Scattered Thoughts on the State of Evals

This post is mostly to jot down some thoughts on the evaluations space in AI right now. I’m going to write these points down as bullet points, so these are going to be more structured thoughts, than a cohesive article.

My mental model of evals: a conversation with model developers: I (currently) view evaluations as a conversation between model developers and the broader community. Roughly speaking, a benchmark is just a way to organize a complaint about the capabilities of current models. This benchmark then serves as an incentive for the model developer to improve their model (as measured by the benchmark), especially if the benchmark score is then going to be used by enterprises and consumers in deciding whether to use their model over someone else’s model. The cycle is then essentially of the form: model developer releases model x.v1 → academia and evaluators release benchmarks showing areas to improve on → model developer uses these benchmarks to release x.v2 that performs better on these benchmarks → (…and so on). Of course, the other role these benchmarks play is to serve as a marker of the capabilities of the models, and can be used to make business decisions about their use, as well as larger societal decisions about how they integrate into the world around us.
It is actually quite cool and underappreciated that they correlate with anecdotal experience using the AI systems: I find it cool that benchmark scores roughly correlate with our impressions using these models. I find it a nice property of our current evaluations that one can infer from a 15-point gap in SWE-bench which model is likely better for coding, and that this is actually (mostly) a reasonable conclusion to make. There is a parallel universe where we did not have this property. Benchmarks that have this property (significantly higher score => model is better to use for that task) are quite useful.
Role of an evaluator: The role of a neutral third-party evaluator is:
- As models get released, run evaluations on them and surface the results to the broader community in as neutral and useful a way as possible.
- create new evaluations that surface surprising aspects of the systems that are evaluated; this includes both deficiencies as well as things that the systems are surprisingly good at
- help the broader AI community and society interpret the results of the evaluations. Right now, we (the AI community) run a bunch of benchmarks, as a result of which we essentially get a table of numbers. This table of numbers is basically gibberish to the average person trying to get a sense of how good these systems are. Evaluators can help here by being the bridge between these numbers and the consumers of these numbers.
- analyze and surface insights about aspects of the AI systems other than the raw evaluation scores; this includes things like cost, latency, interesting failure modes, whether the model weights, training/inference code, and scaffolding code is available publicly, and other such information.
- make the traces corresponding to these evaluations public, and release tooling to be able to usefully engage with these traces.
- be transparent about the infrastructure used to evaluate models (endpoints, inference code, evaluation settings, scaffolding used, etc.).
Some unanswered questions: What paradigms are currently missing from evaluation today?
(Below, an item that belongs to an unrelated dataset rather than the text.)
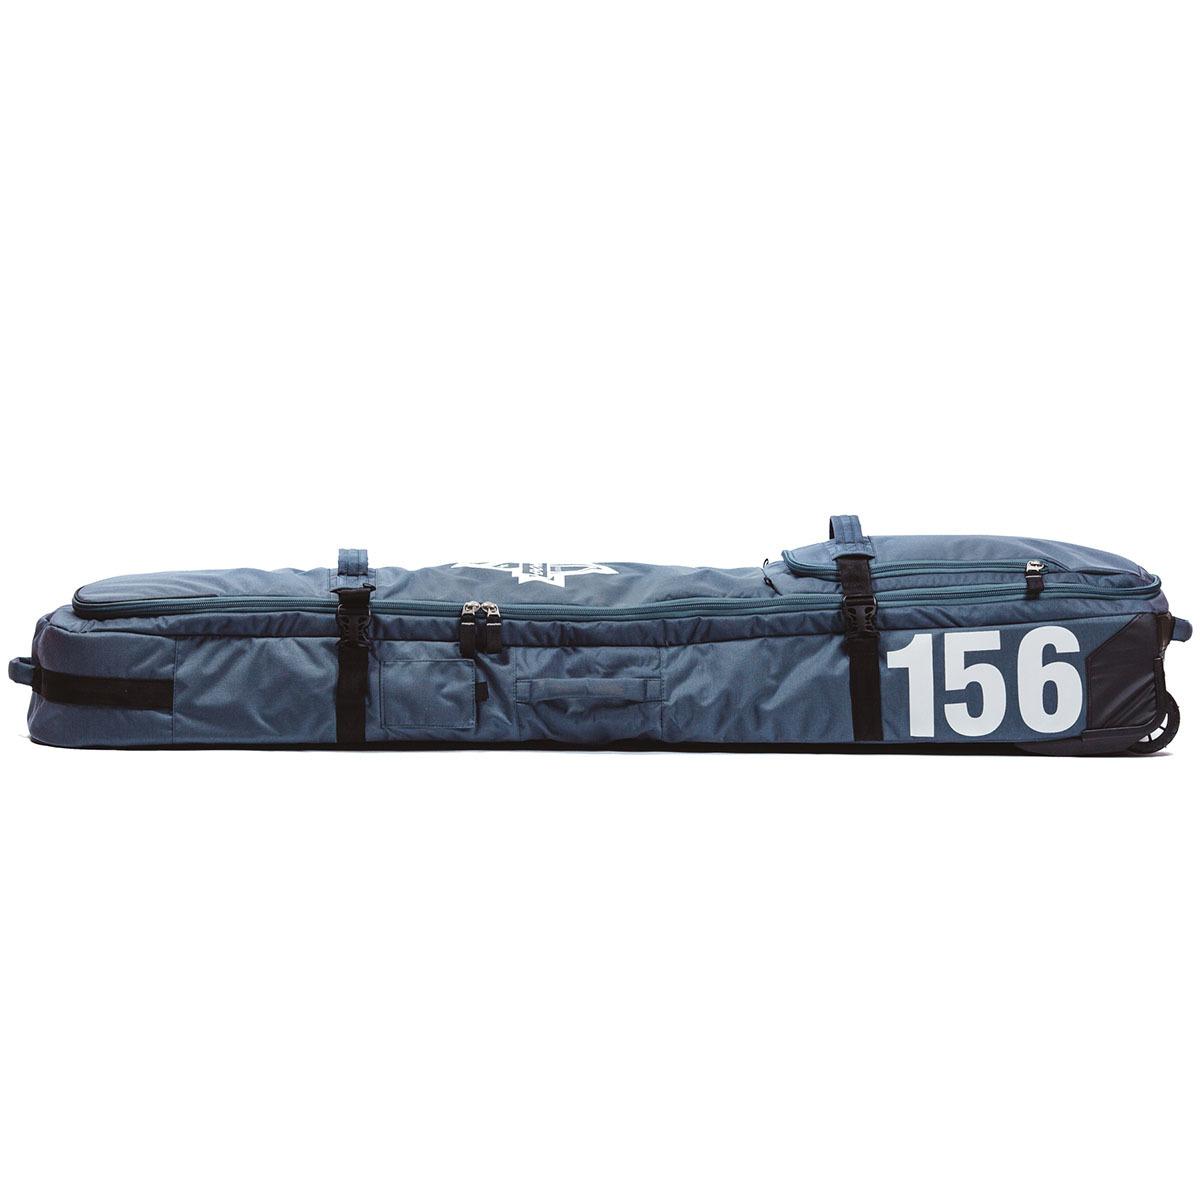 Чехол для сноуборда Born на колесах 156/166 см Серый (0099990)

What is the longer term way to evaluate AI systems? When we run evaluations on AI models, what are we actually measuring? I do not know the answers here, but I think the following directions are worth exploring: persona-based evaluation, ideas from psychometrics, and studying/monitoring how they work in production.

In general, it seems weird that we have access to the weights of the entity we’re evaluating (an advantage over evaluating humans, where we don’t really have access to the brain in a meaningful way), and yet we rely on methods that are similar to how we typically evaluate humans.